Parents taking a stand on preserving history
Focused on promoting the restoration of a healthy, nonpolitical education for children, a new grassroots organization called Parents Defending Education is giving voice to those who want to fight back against activists imposing agendas that are dangerous to all freedom-loving Americans who respect the ideals put forth by our Founding Fathers.
The parents’ movement is in response to those activists who, without the consent of the students, parents and communities, have targeted public, private and charter schools across the country to impose curricula that can force children into divisive identity groups based on race, ethnicity, religion and gender. Many schools have already embraced the left-wing agenda, and many others are preparing to use it.
Those who dissent risk being attacked as bigots and shamed into silence.
The parents groups warns that this is a war not only with basic American values, but with a child’s happiness and ability to succeed in life. The new curriculum, it says, is couched in vague slogans such as “social justice,” which tends to divide children into “oppressor” and “oppressed” groups.”
To some students, they say this teaches unhealthy traits such as guilt, shame, grievance and anger. But to all students, it spreads unhappiness, radicalism and failure.
The strategy in countering the activists is to build coalitions, conduct investigative reporting and use litigation when necessary.
An immediate challenge is the 1619 Project, a New York Times initiative which asserts that America was founded by slavery first and foremost. Randi Weingarten, president of the 1.7 million-member American Federation of Teachers, has defended this controversial theory, recently stating that with all the data she’d seen, 1619 was the year that the first slave boat came from Africa to the United States.
Reaction from conservatives to this attempt to reframe U.S. history, however, has been swift.
Betsy DeVos, former Secretary of Education, said the project is based on the belief that the first importation of the slaves to American shores in 1619 constituted the nation’s true founding, and that the reason for the founding of our country was to perpetuate slavery. DeVos agrees that schools need to teach about slavery but feels the 1619 Project is not history, since it denies our constitution, our founding documents and the goal of forming a more perfect union.

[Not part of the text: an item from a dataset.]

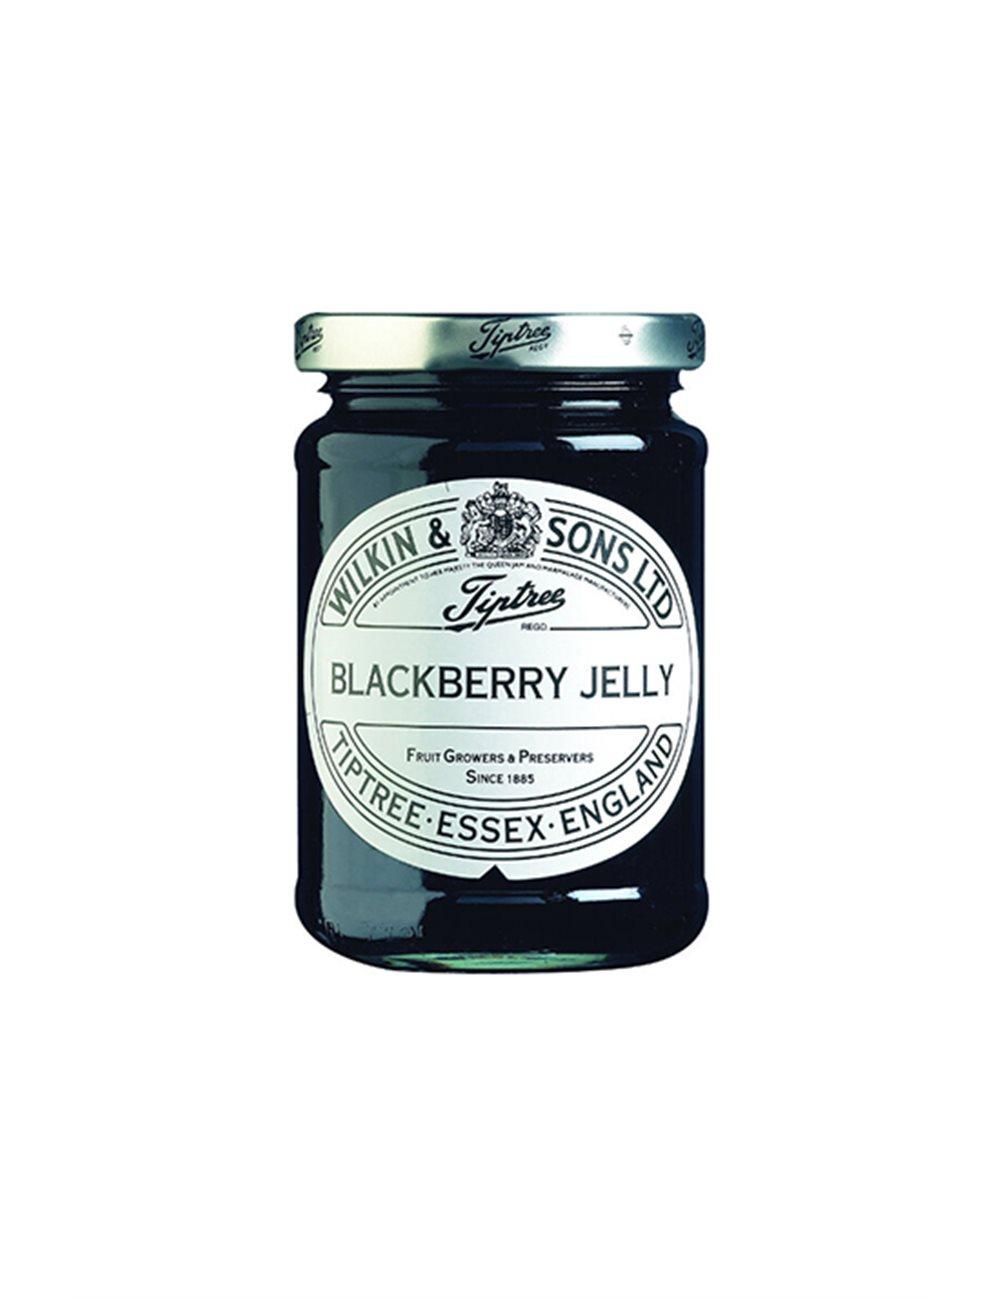 Blackberry Jelly 340g

In a recent opinion piece, Ryan Williams and Matthew Peterson of the conservative Claremont Institute warned against identity politics, charging that it erodes individualism.
“The new moral and philosophical foundation for America envisioned by 1619 is based on the abandonment of the individual equality of rights under the law for a racial and identity politics based on group rights,” they stated.

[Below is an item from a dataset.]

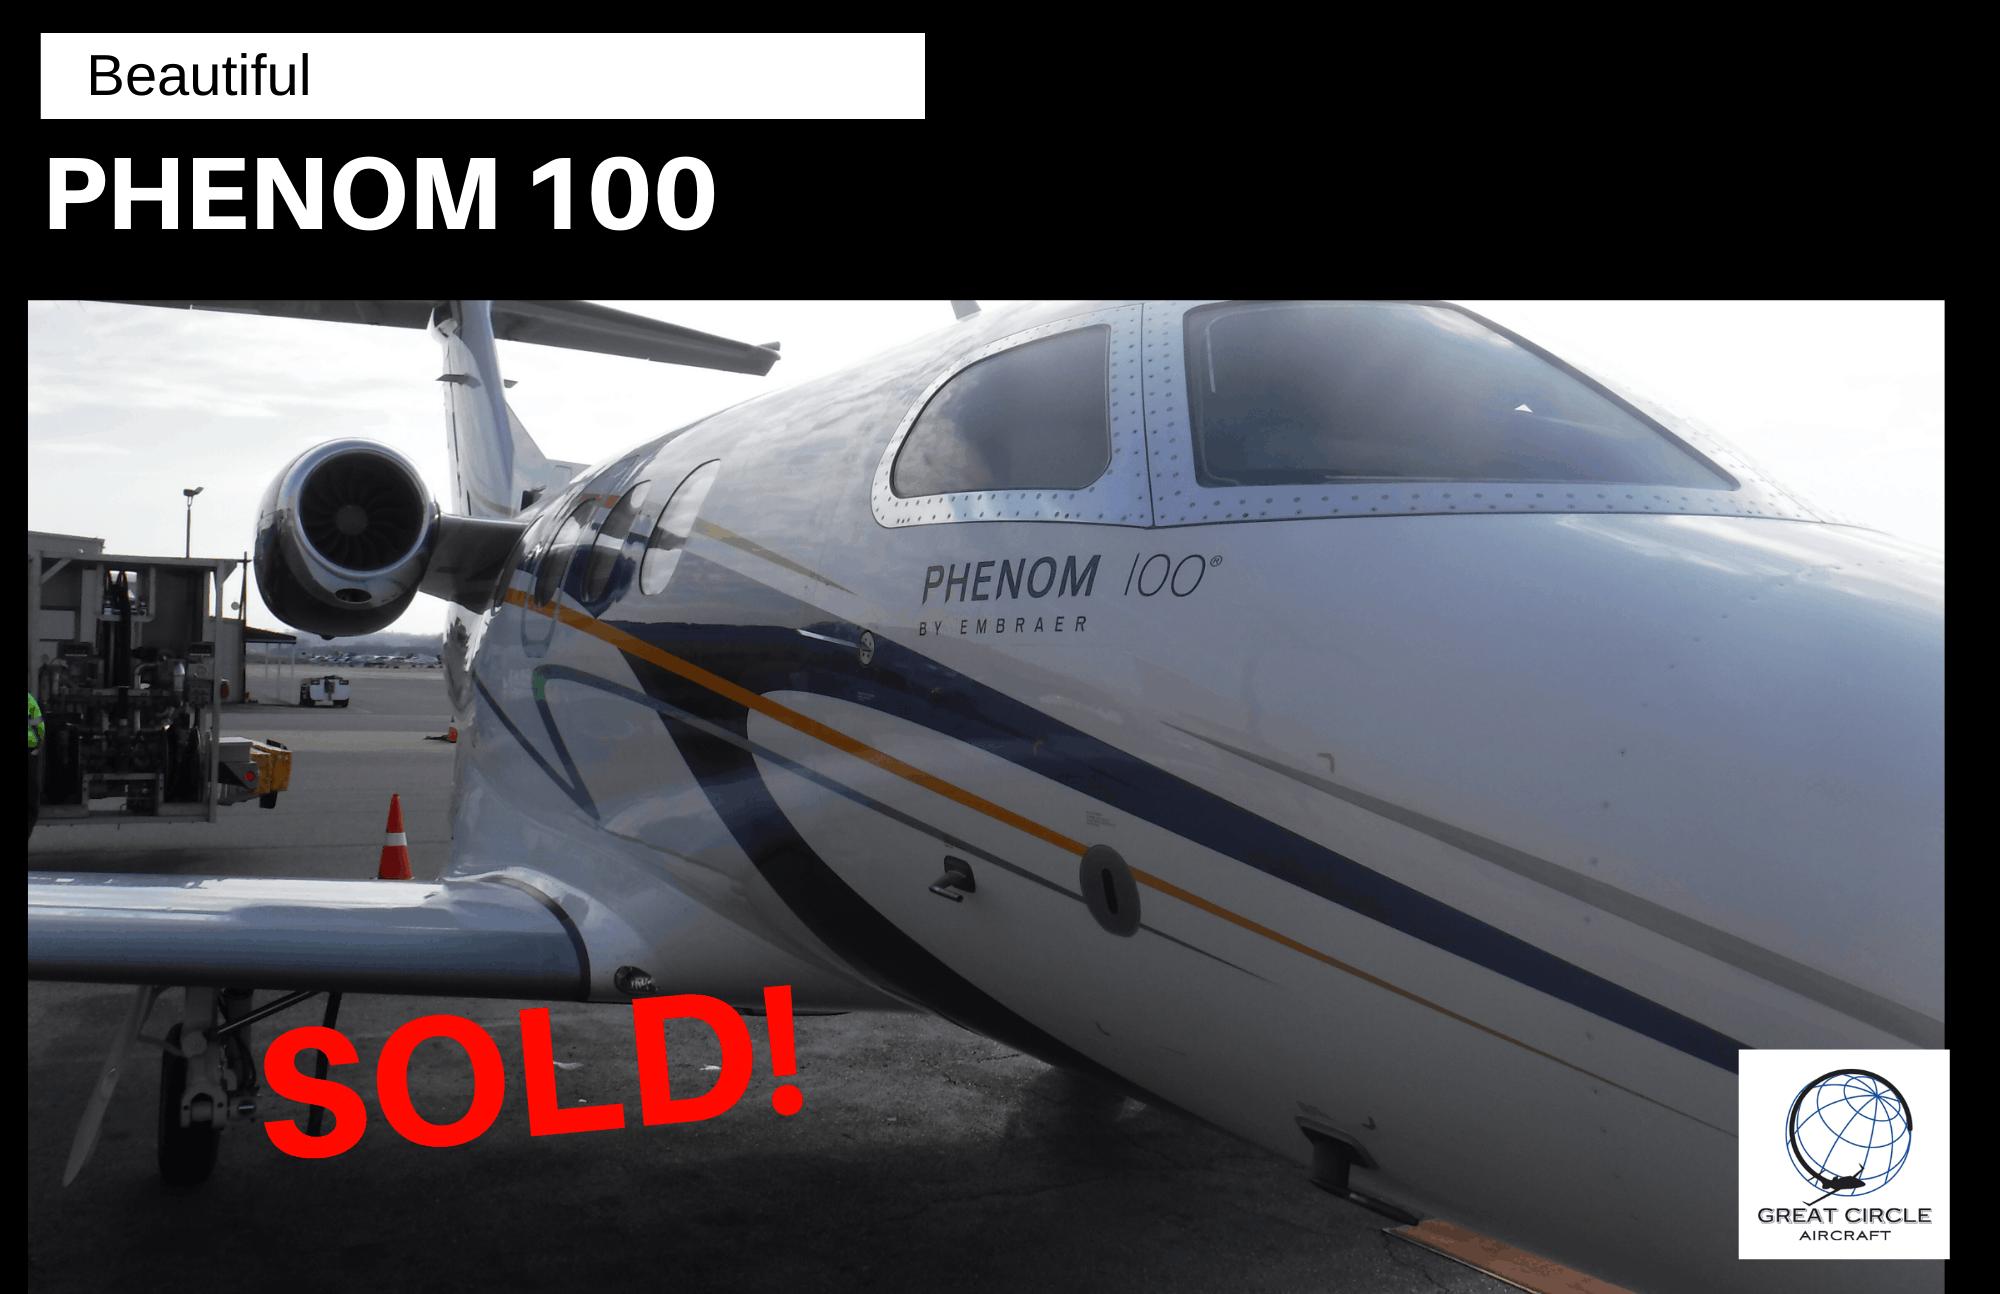 Phenom 100 - Sold

They said that every American and every political leader - from the local school board to the national legislature - must start thinking creatively and acting aggressively to deny the 1619 Project legitimacy. What is at stake, they warn, “is nothing less than the dissolution of America.”
Zalman Shoval, a former Israeli ambassador to Washington, also denounced The 1619 Project as “fake history.” He said there have been - and still are - experts at engineering history to serve their political purposes, such as the Nazis and the Bolsheviks of the 20th century and Palestinian leaders of today.
Last December, five historians wrote a letter to the editor, pointing out what they called “factual errors” in the 1619 Project. Gordon Wood, Victoria Bynum, James McPherson, Sean Wilentz and James Oakes disputed the project’s major premise that the founders declared the colonies’ independence of Britain in order to ensure slavery would continue.
The historians noted that the 1619 project criticizes Abraham Lincoln’s views on racial equality but ignores his conviction that the Declaration of Independence proclaimed universal equality - for blacks as well as whites - a view he upheld repeatedly against powerful white supremacists who opposed him. The 1619 Project also ignores Lincoln’s agreement with Frederick Douglass, the former slave who became a national leader of the abolitionist movement. In his anti-slavery writings, Douglass proclaimed the Constitution as “a glorious liberty document.”
If the 1619 Project is to be exposed, it will take a concerted effort not only by historians but by grassroots groups like Parents Defending Education that are concerned about the increasing political indoctrination of their children.
By Jim Zbick | tneditor@tnonline.com
The foregoing opinions do not necessarily reflect the views of the Editorial Board or Times News LLC.